▶ **INSTRUCTIONS TO FOLLOW**
In the records below, find the line holding "How To Stop a Rooster Crowing" and the line holding "Deluxe- 14 Red Roses with". Set down both, with every line between them, exactly.
-- RECORD EXCERPTS follows --
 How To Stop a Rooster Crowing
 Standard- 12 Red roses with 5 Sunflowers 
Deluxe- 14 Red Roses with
-- RECORD EXCERPTS concluded --
-- RECORD EXCERPTS follows --
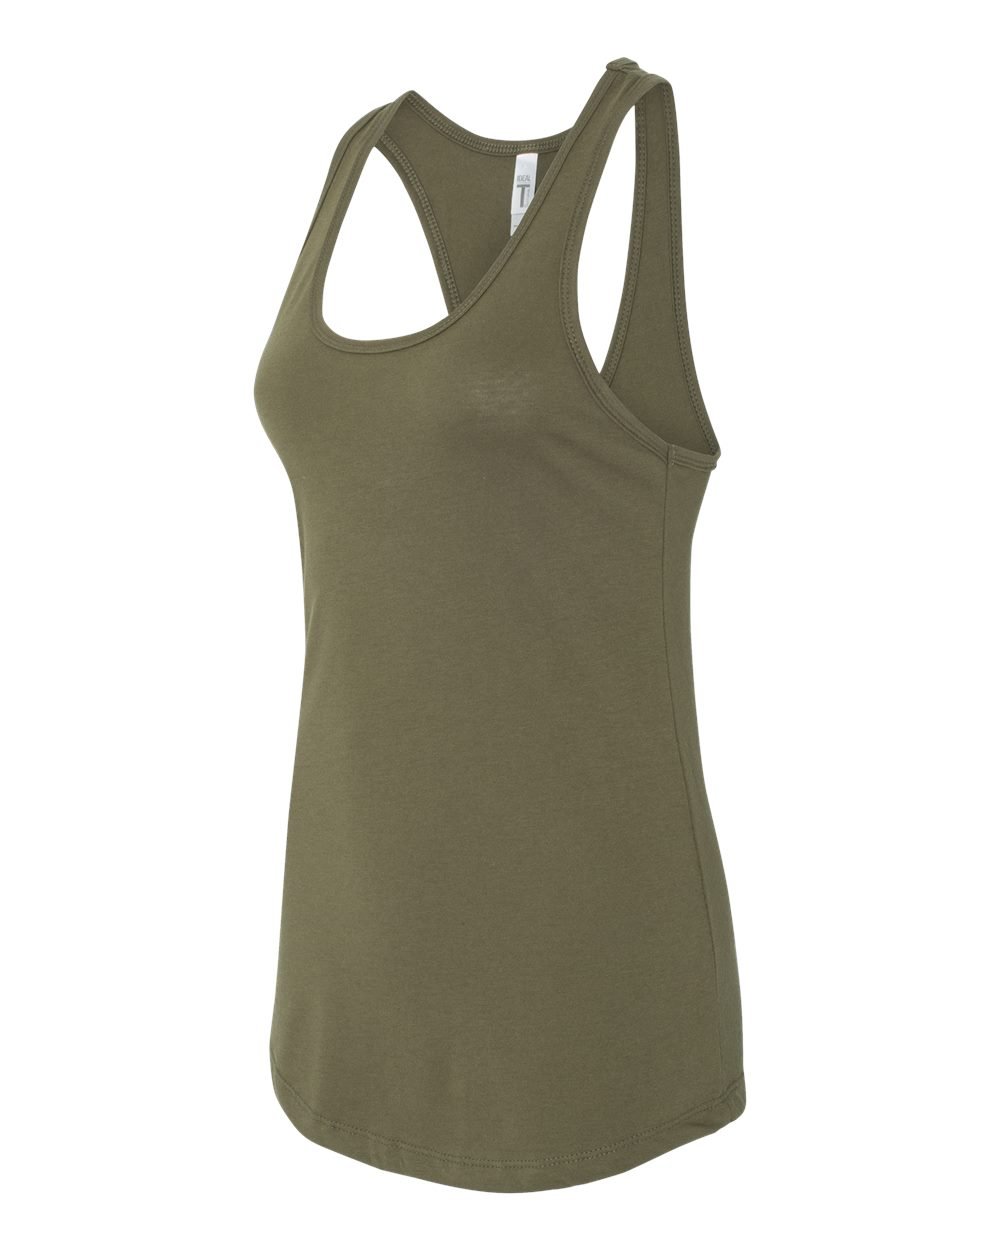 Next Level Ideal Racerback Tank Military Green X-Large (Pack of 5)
-- RECORD EXCERPTS concluded --
-- RECORD EXCERPTS follows --
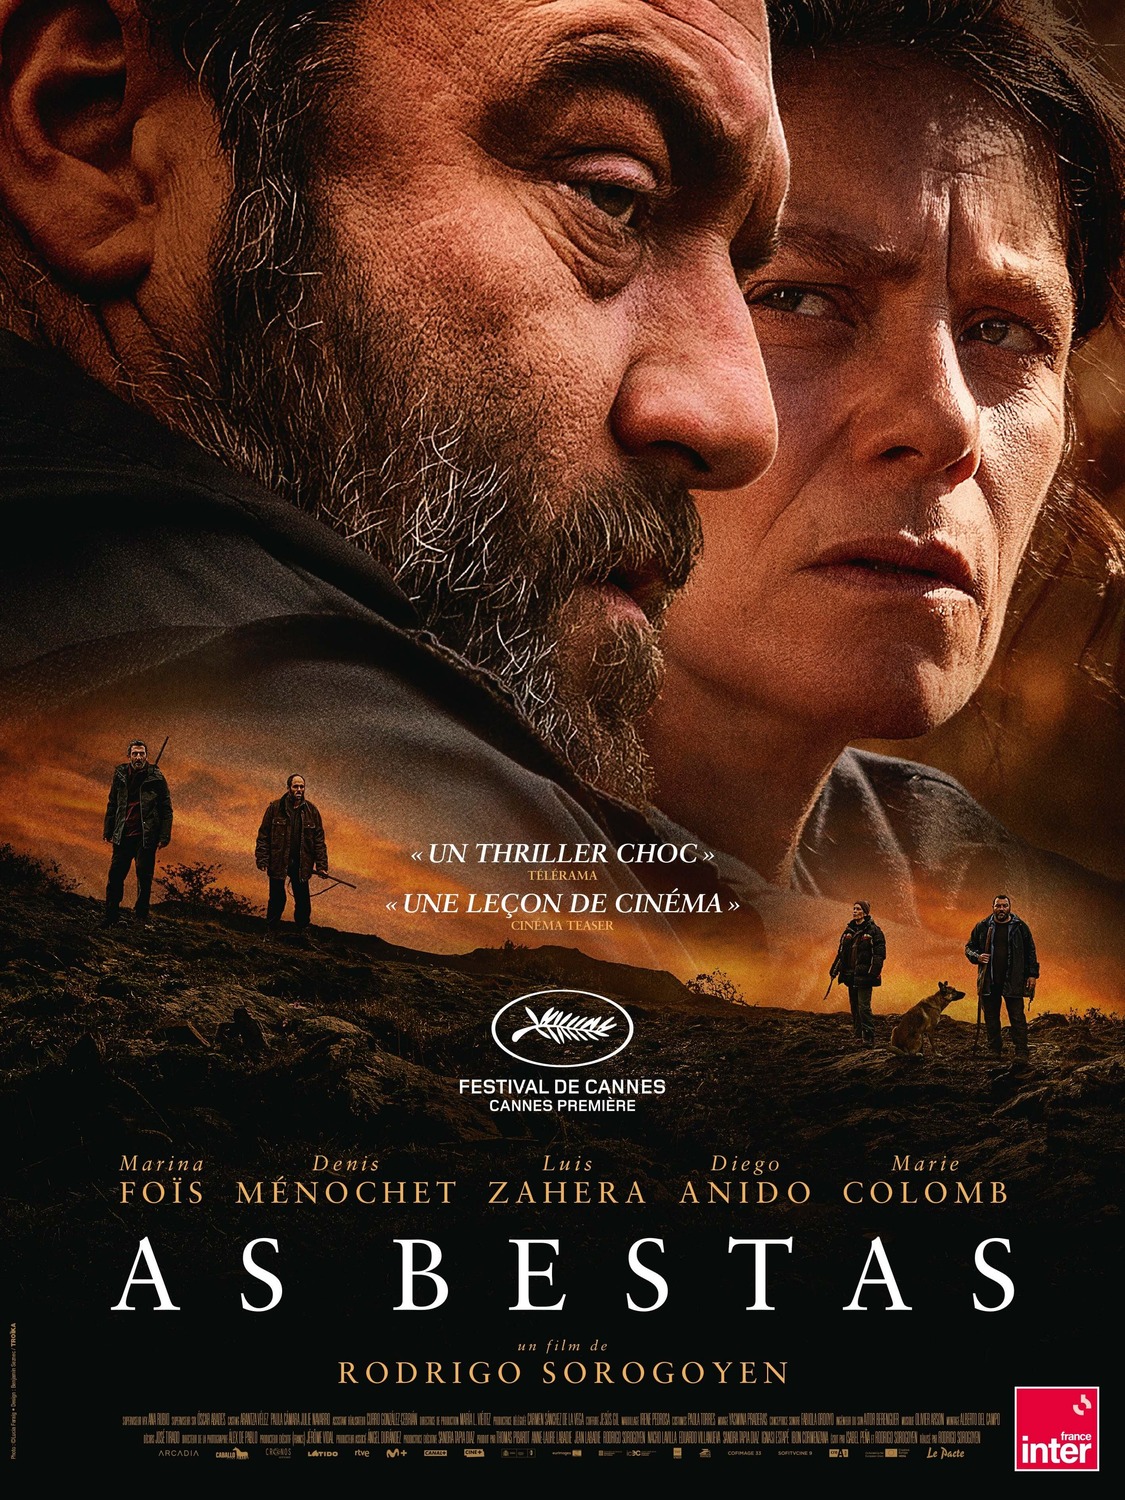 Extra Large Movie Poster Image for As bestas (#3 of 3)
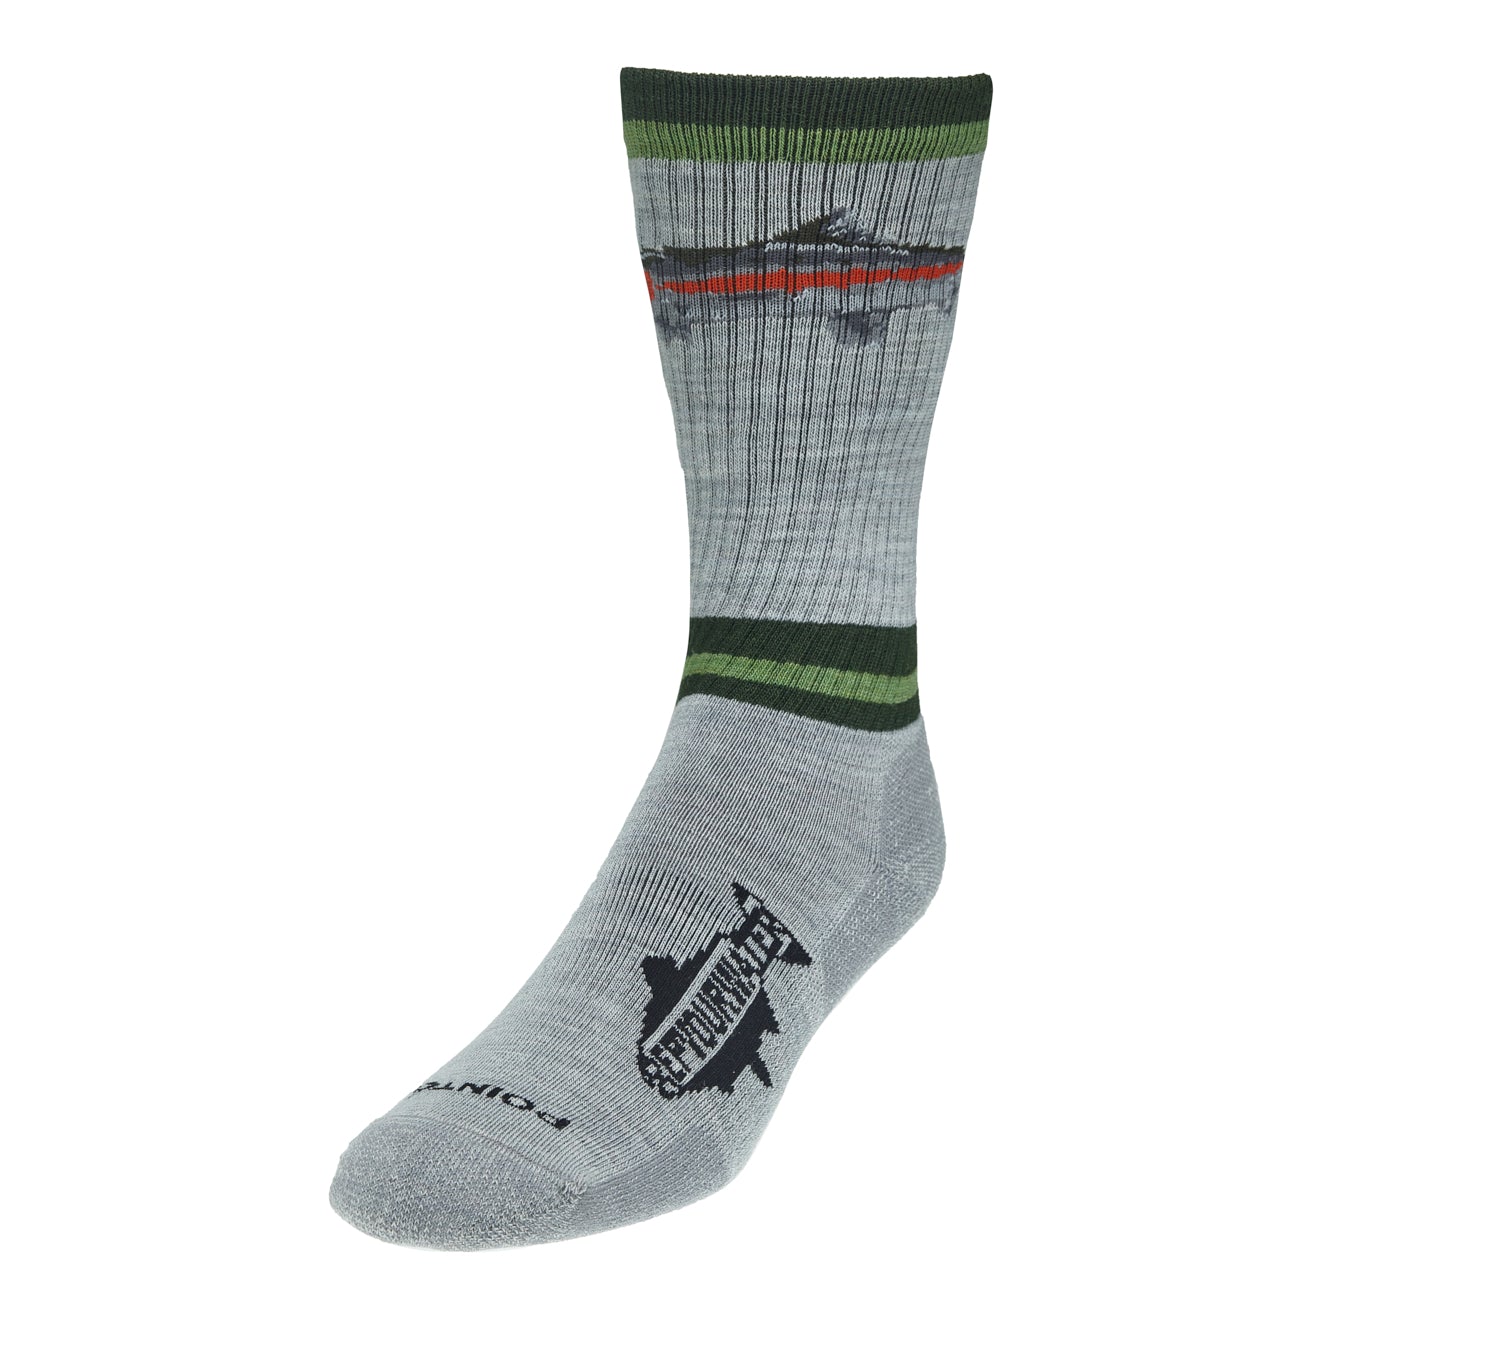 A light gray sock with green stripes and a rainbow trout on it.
-- RECORD EXCERPTS concluded --
▶ **ANSWER AREA**
 How To Stop a Rooster Crowing
 Standard- 12 Red roses with 5 Sunflowers 
Deluxe- 14 Red Roses with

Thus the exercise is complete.